# Royal Oak Lump



## mrgrumpy (Apr 7, 2007)

I stopped at my Home Depot to purchase a few things..... 

I am a little crazy, and carry the upc label from a 10lb bag in my wallet at all times. 

My local store only carries Kingsford.... 

I went to the service desk and showed them the upc, and wanted to know if they could order it and stock it. 

Here is the summary of what he said. 

He could and would request it from Atlanta, but it would probably do no good. They know more what should be stocked in the stores than what the customer asks for. So, I asked him if I had a bunch of the people that I know email them if it would do any good. He told me that would do more good than him emailing them and asking them. 

So, here it is: 
The upc code number is: 016800228124 
This is the code for the 10lb bags. 

http://www.homedepot.com/prel80/HDUS...D=9876&pos=n54 

Click on the link under stores (store questions and comments). Be sure and give them the upc code, and ask them if they can stock the charcoal for you. If enough people from the same area will do this, I do believe they will stock it. I told them that Lowe's carries RO, but only the briquets, which I do not want, nor will I buy the Kingsford that they stock.... 

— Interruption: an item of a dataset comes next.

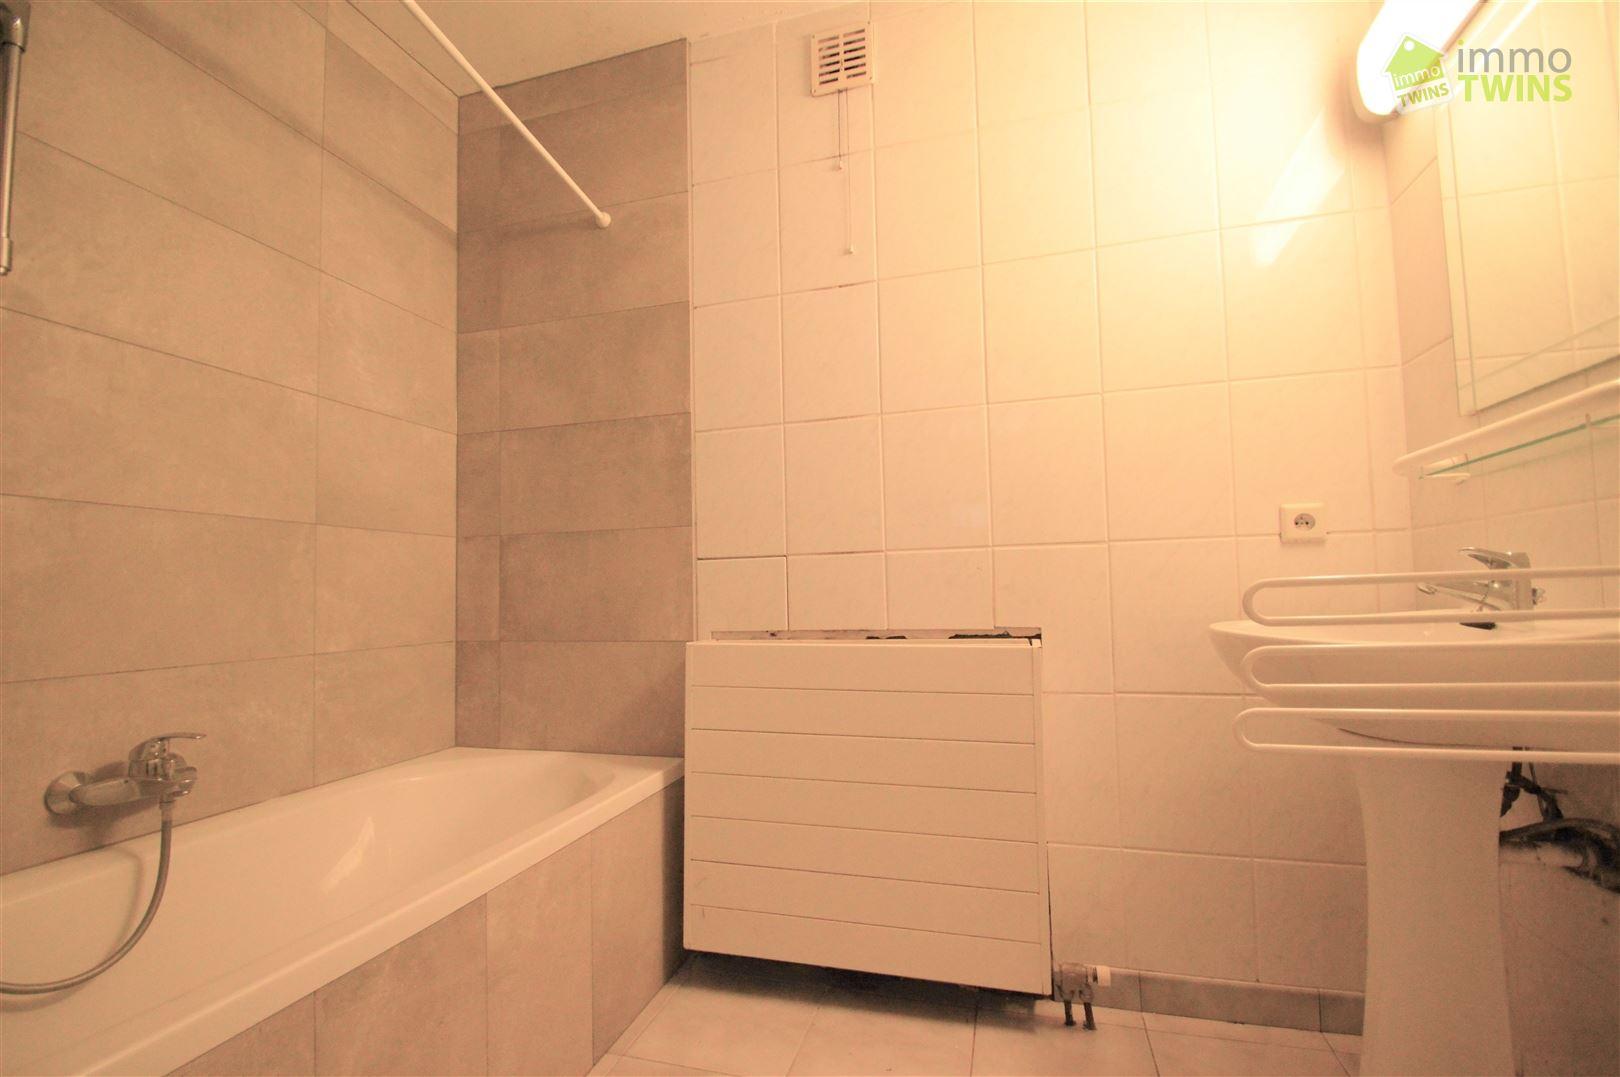 Foto 7 : Appartement te 9200 SINT-GILLIS-DENDERMONDE (België) - Prijs € 535

Be sure and tell them that too.

Bill


----------



## vulcan75001 (Apr 7, 2007)

Bill..
Seems like you should have a better selection of charcoal in your neck of the woods...the home depot here has the royal oak lump...and the wally worlds here also carry the r/o lump...hope the mass e-mail will get things going for ya...


----------



## linescum (Apr 8, 2007)

the waly worlds here carry the 10# bags. I get mine at the local feed store,20# bags, for $1.25 less than 2 tens


----------



## cheech (May 24, 2007)

I believe the store that I found mine at was either Menards or it was the local version of Wal-Mart .. . Meijer


----------